Question

In a sequence of $8$ consecutive integers, how much greater is the sum of the last four integers than the sum of the first four integers?

• A. $16$
• B. $18$
• C. $20$
• D. $24$

Answer 1

The correct option is A $16$

Think of the set of eight consecutive integers as follows: $n,(n+1),(n+2),(n+3),(n+4),(n+5),(n+6)$, and $(n+7)$.

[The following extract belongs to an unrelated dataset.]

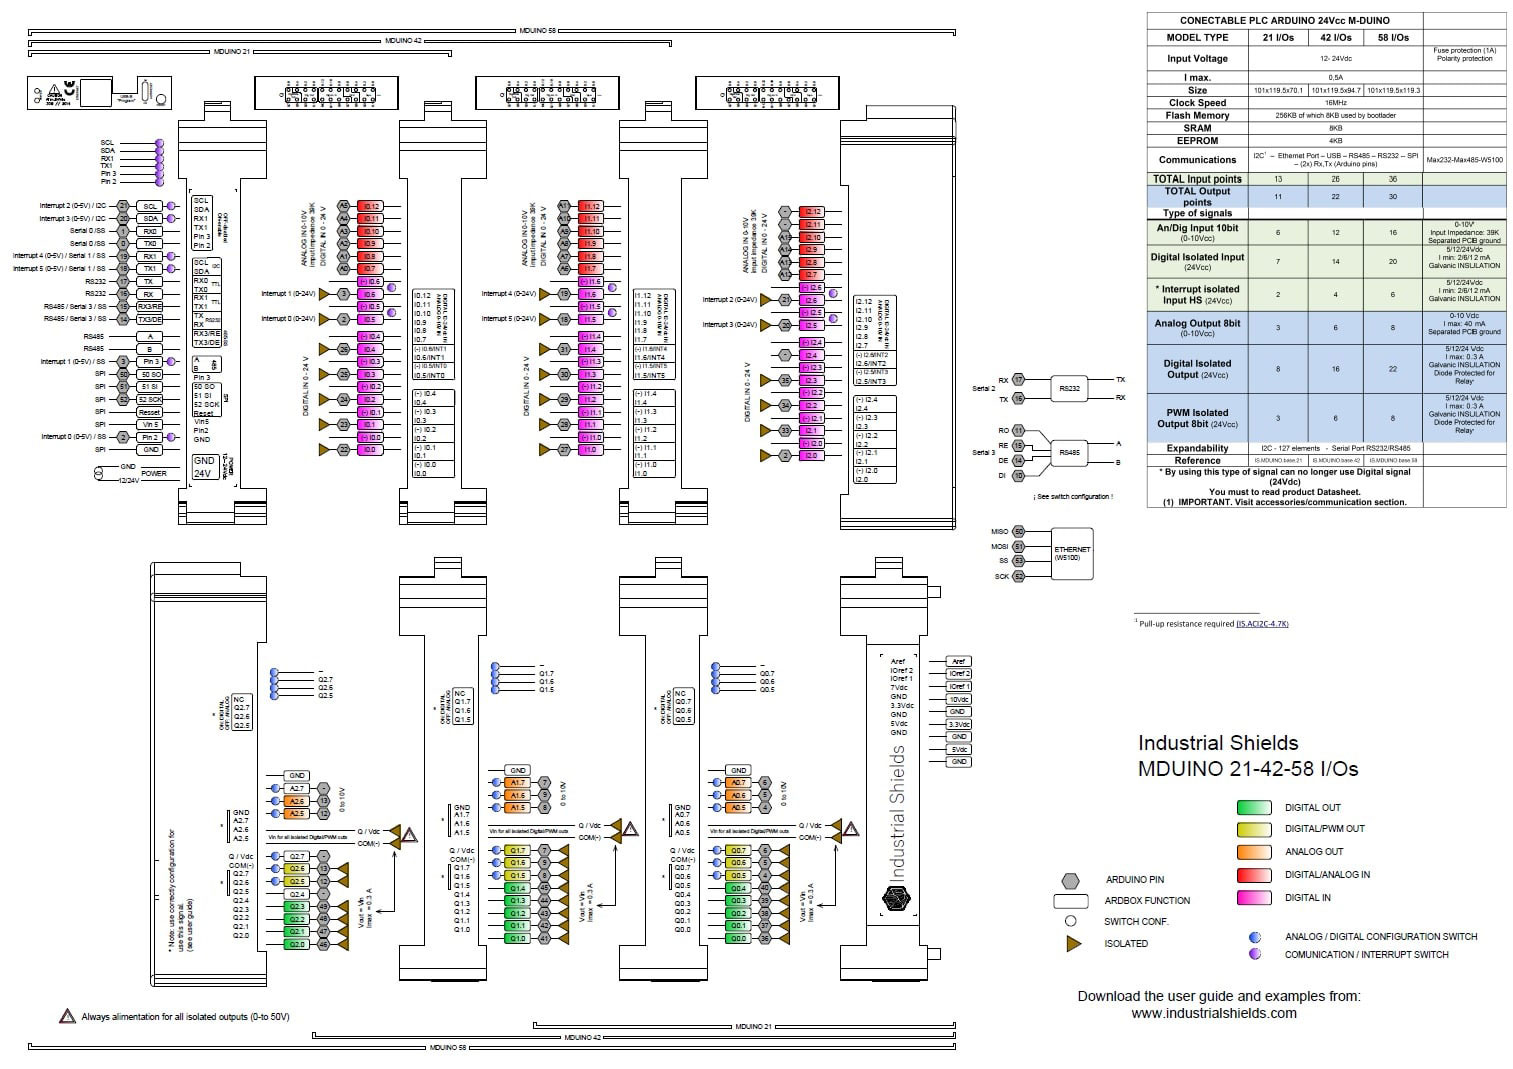 M-DUINO PLC 21 I/Os Analog/Digital PLUS Industrial Arduino Module - Zum Vergrößern klicken

First, find the sum of the first four integers:

$n+(n+1)+(n+2)+(n+3)=4n+6$

Then, find the sum of the next four integers:

$(n+4)+(n+5)+(n+6)+(n+7)=4n+22$

The difference between these two partial sums is:

$(4n+22)-(4n+6)=22-6=16$

Another way you could solve this algebraically is to line up the algebraic expressions for each number so that you can subtract one from the other directly:

Sum of the last four integers. $(n+4)+(n+5)+(n+6)+(n+7)$

Less the sum of the first four integers. $\underset{–}{-[n+(n+1)+(n+2)+(n+3\left)\right]}$

$4+4+4+4=16$

Yet another way to see this outcome is to represent the eight consecutive unknowns with eight lines:

----|----

Each of the first four lines can be matched with one of the second four lines, each of which is $4$ greater:

$----|\underset{–}{+4}\underset{–}{+4}\underset{–}{+4}\underset{–}{+4}$

So the sum of the last four numbers is $4\times 4=16$ greater than the sum of the first four.

Finally, you could pick numbers to solve this problem. For example, assume you pick $1,2,3,4,5,6,7$,and $8$. The sum of the first four numbers is $10$. The sum of the last four integers is $26$. Again, the difference is $26-10=16$.